Desvendando os mistérios da esclerose múltipla

A esclerose múltipla atinge o cérebro e a medula espinhal, causando problemas motores, sensoriais e cognitivos. A patologia afeta cerca de 2,5 milhões de pessoas em todo o mundo, das quais metade estará inválida entre 10 e 15 anos após o diagnóstico. De fato, o distúrbio é uma das principais causas de incapacidade, não traumática, em adultos jovens e atinge pessoas entre 15 e 50 anos em média – geralmente a reação inflamatória é identificada por volta dos 30.
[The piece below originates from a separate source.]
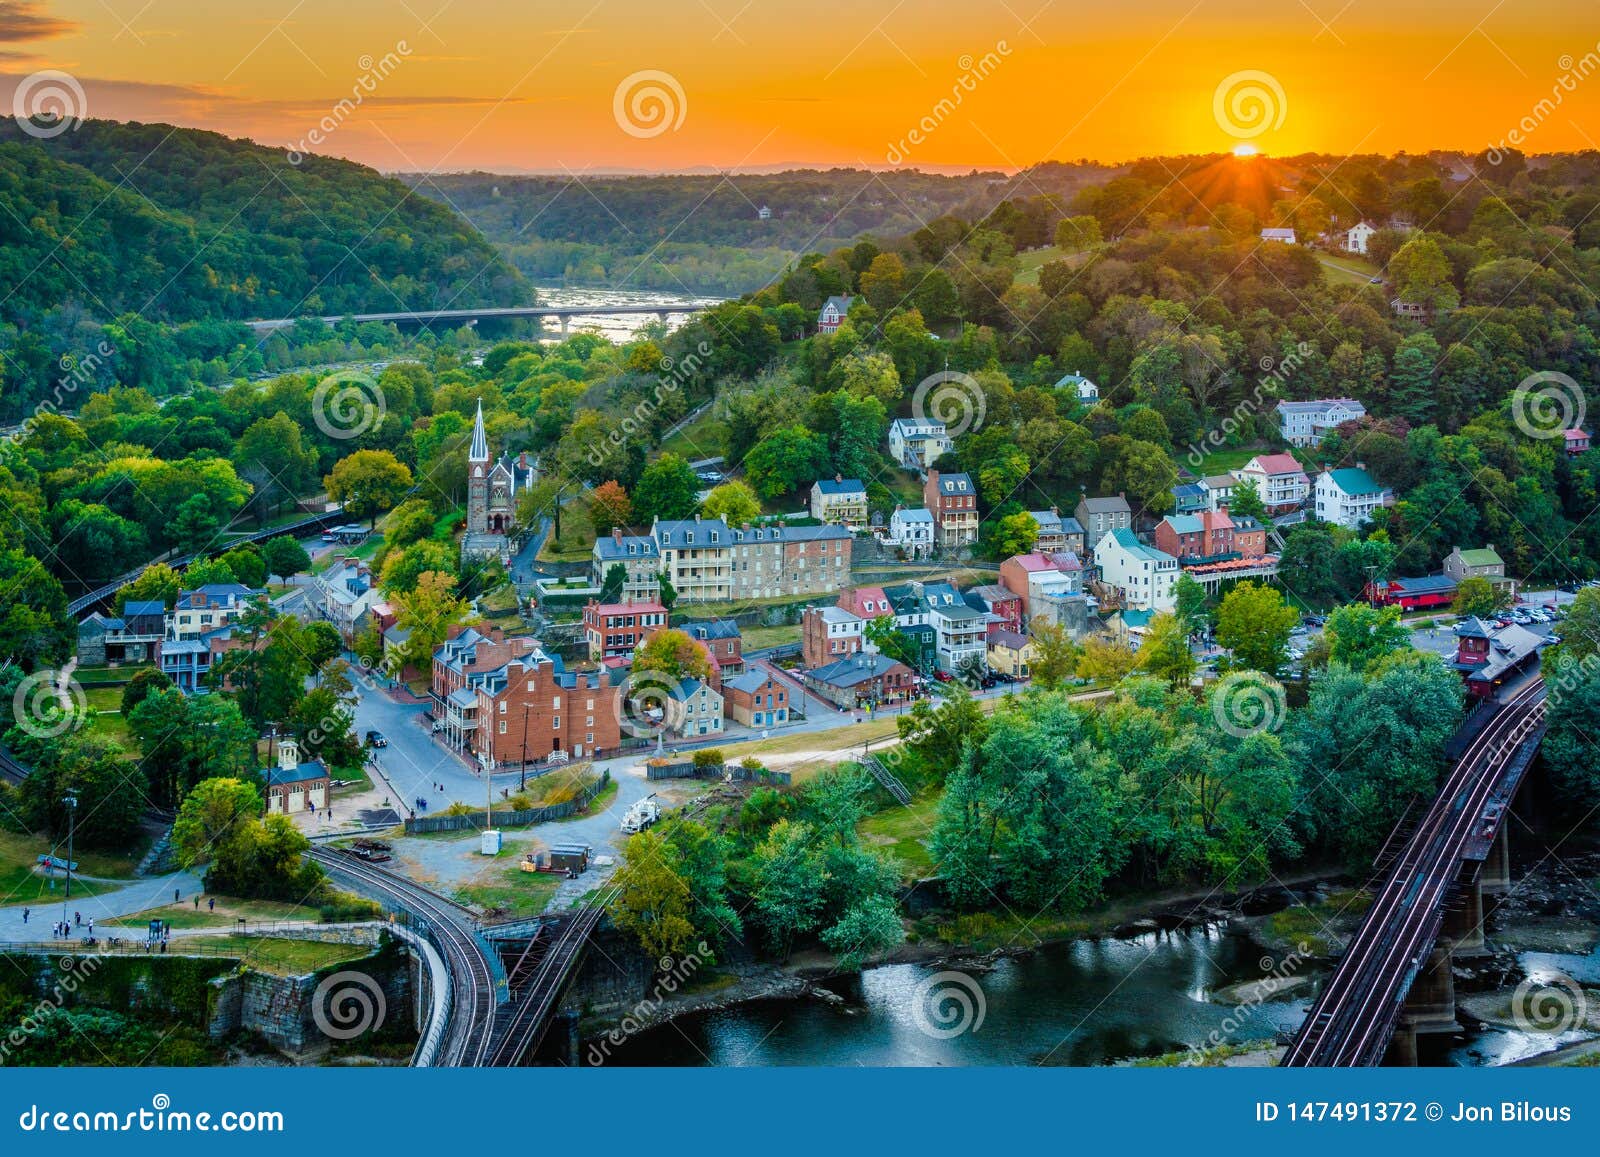 sunset view of harpers ferry, west virginia from maryland heights
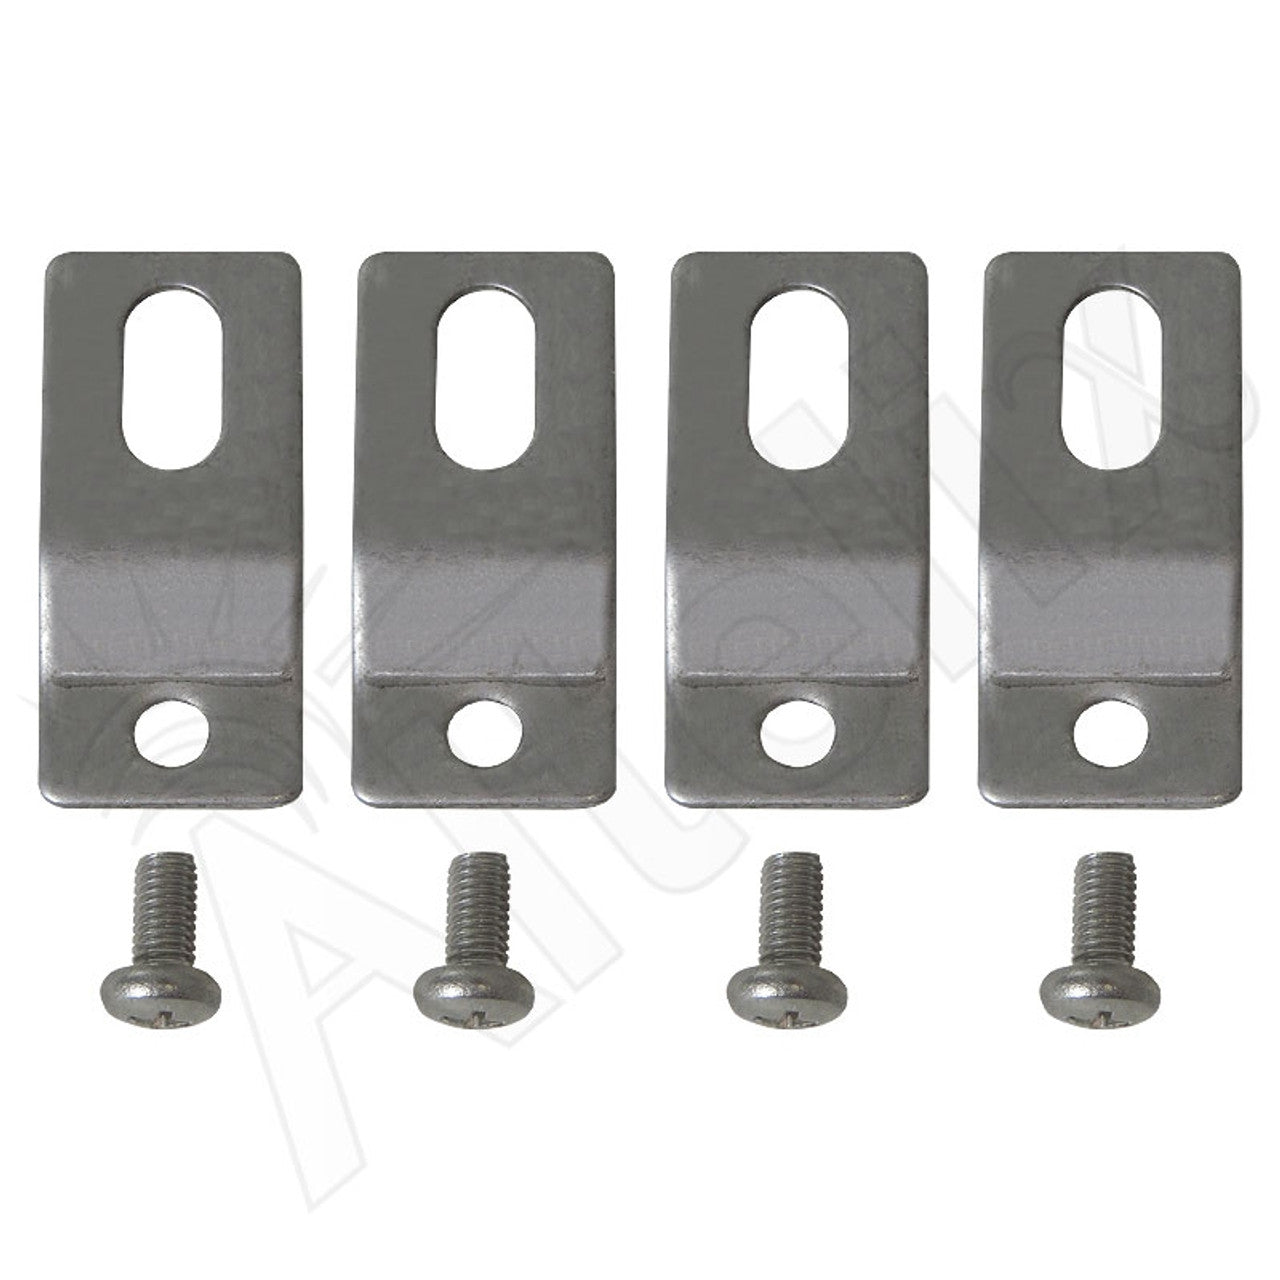 Stainless Steel Wall Mount Kit for Altelix NF141206 & NF141208 Series Enclosures

Apesar do prognóstico sombrio da doença, uma enxurrada de novos tratamentos tem trazido esperança de qualidade de vida para pacientes que sofrem com o problema. Com base na regulação de respostas imunológicas prejudiciais, essas terapias ajudam a reduzir frequência e gravidade dos sintomas e podem retardar a progressão dos sintomas. Durante os últimos 20 anos, o órgão governamental americano Administração de Drogas e Alimentos (FDA, na sigla em inglês) aprovou nove novos medicamentos e outros dois serão revisados nos próximos meses. A causa ainda é desconhecida. Conforme as pesquisas avançam muitos cientistas tentam entender o que provoca a degeneração progressiva dos neurônios. O objetivo é desenvolver tratamentos para interromper completamente o distúrbio ou até mesmo preveni-lo.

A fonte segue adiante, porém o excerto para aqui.